Einstein speaks

By Sean Carroll | October 9, 2005 5:23 pm

Einstein Yesterday I gave a talk at a Fermilab symposium celebrating the World Year of Physics. It was a great event, aimed mostly at local high-school students and the public more generally, although personally I learned alot from the other talks myself.

My own talk was an overview of special and general relativity; you can see the slides here (warning: large pdf file). Eventually I think all the talks will be in video on the symposium web page. I played an audio file featuring Einstein himself explaining the basics of that equation E = mc2 that we were talking about a while back. People were asking me where I stole it from, so here’s the answer: an Einstein exhibit at the American Institute of Physics website. Give it a click; it’s nice to hear the master himself talk about his formula, thick German accent and all.

CATEGORIZED UNDER: Science
  • spyder

    speaking of thick German accents, it strikes me that the new Einstein biography on PBS has him talking in English w/ a horribly think German Accent at a time in his life when he didn’t know English. While it makes sense to use english as a common langauge for communicating his life story and discoveries, the lack of historical propriety detracts from the real story. Is it so difficult for PBS to have encouraged the use of subtitles??

  • http://www.expando.org/ forrest

    I have been watching Sagan’s video Cosmos, and just like einstein or brian greene or mr. gleick, I see the verbal vessel of so many peoples’ fascinations exposed in his masterful lecturing. Its hard, especially in disadvantaged lives, to obtain uncompromised information as these smart folks words are repeated, permutated, and abused in the steps between their mouths and distant ears. I’ve been studying the world for 22 years and it wasn’t until this last one that I felt fairly caught up in understanding the world like the rest of you physicists (i’m not a physicist, but darnit i would be if i’d taken calculus, or then again I AM a phyicist, just not a very esteemed one). This is long after departing the realm of knowledge possessed by the modern international public.
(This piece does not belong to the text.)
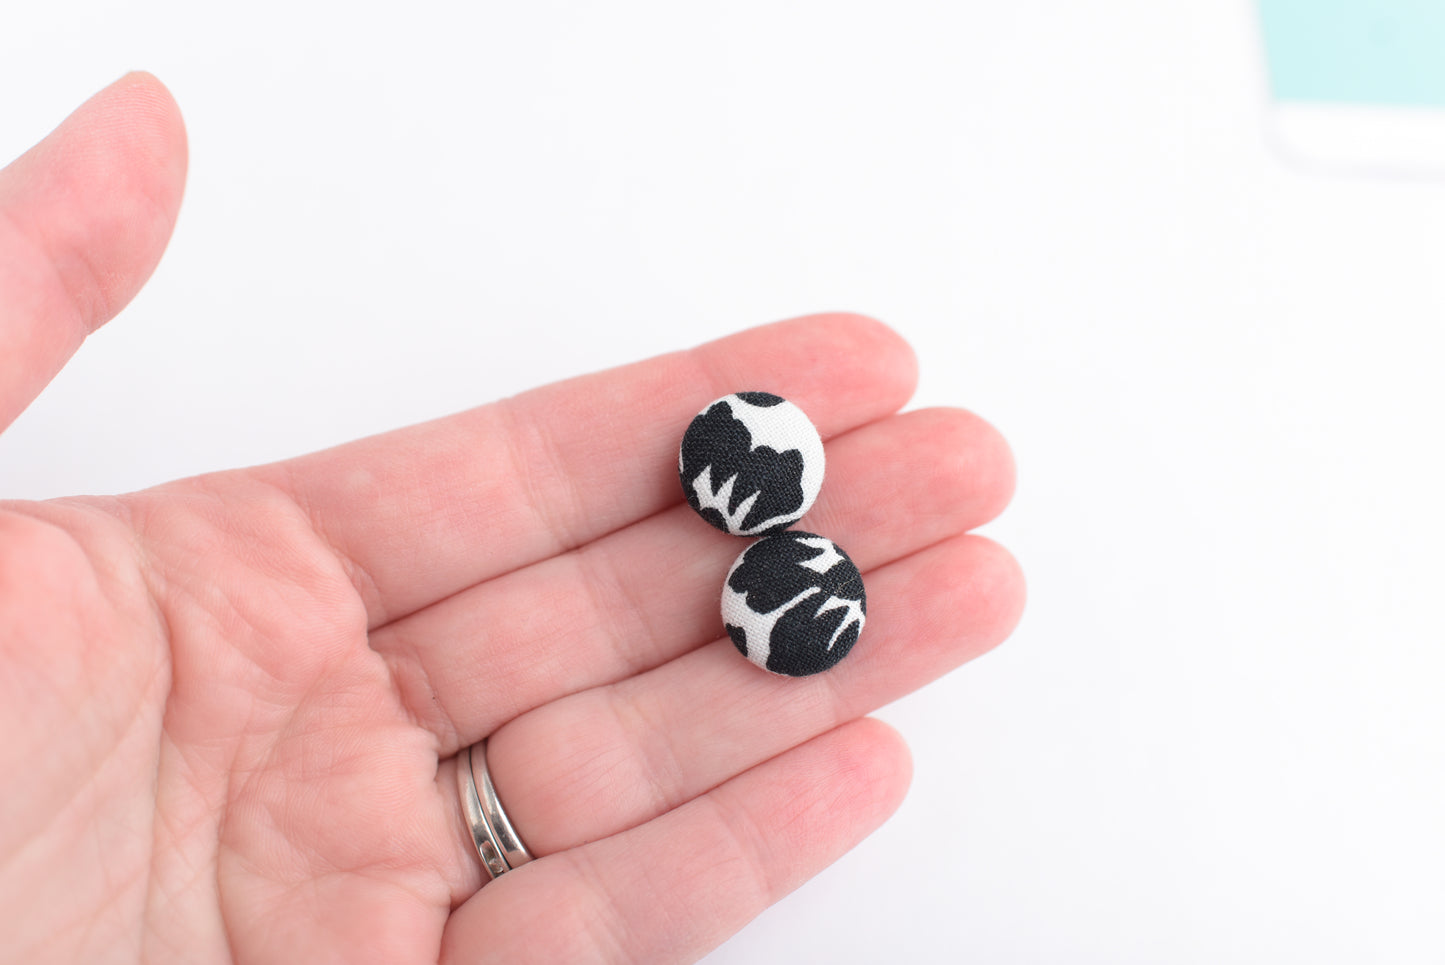 Black and White Damask Fabric Button Earrings with Titanium Posts

    Are these massive bandwidths of communication (video, audio, digital this and that) widening the divide between intellectual haves and have nots, or closing it?

  • Nicholas

    Very cool slides Professor-While I am a physics major, I always greatly enjoy the masterful expainations you are able to provide on these subjects.

    Also fun to hear Dr. Einstein speak.

    NM

  • http://sifter.org/~aglisi/Physics/CV.html Garrett

    Hey Sean, have you seen this recent paper?

    “General Relativity Resolves Galactic Rotation Without Exotic Dark Matter”
    http://xxx.lanl.gov/abs/astro-ph/0507619

    I looked through it quickly and it looks good. But I just have a hard time believing no one would have tried this approach before now.

  • hack

    I demand a quick summary judgment of the new paper from Canada referenced by Garrett.

  • hack

    http://arxiv.org/abs/astro-ph/0508377

    Apparently the paper has already been long discredited. Unbeknownst to Slashdot.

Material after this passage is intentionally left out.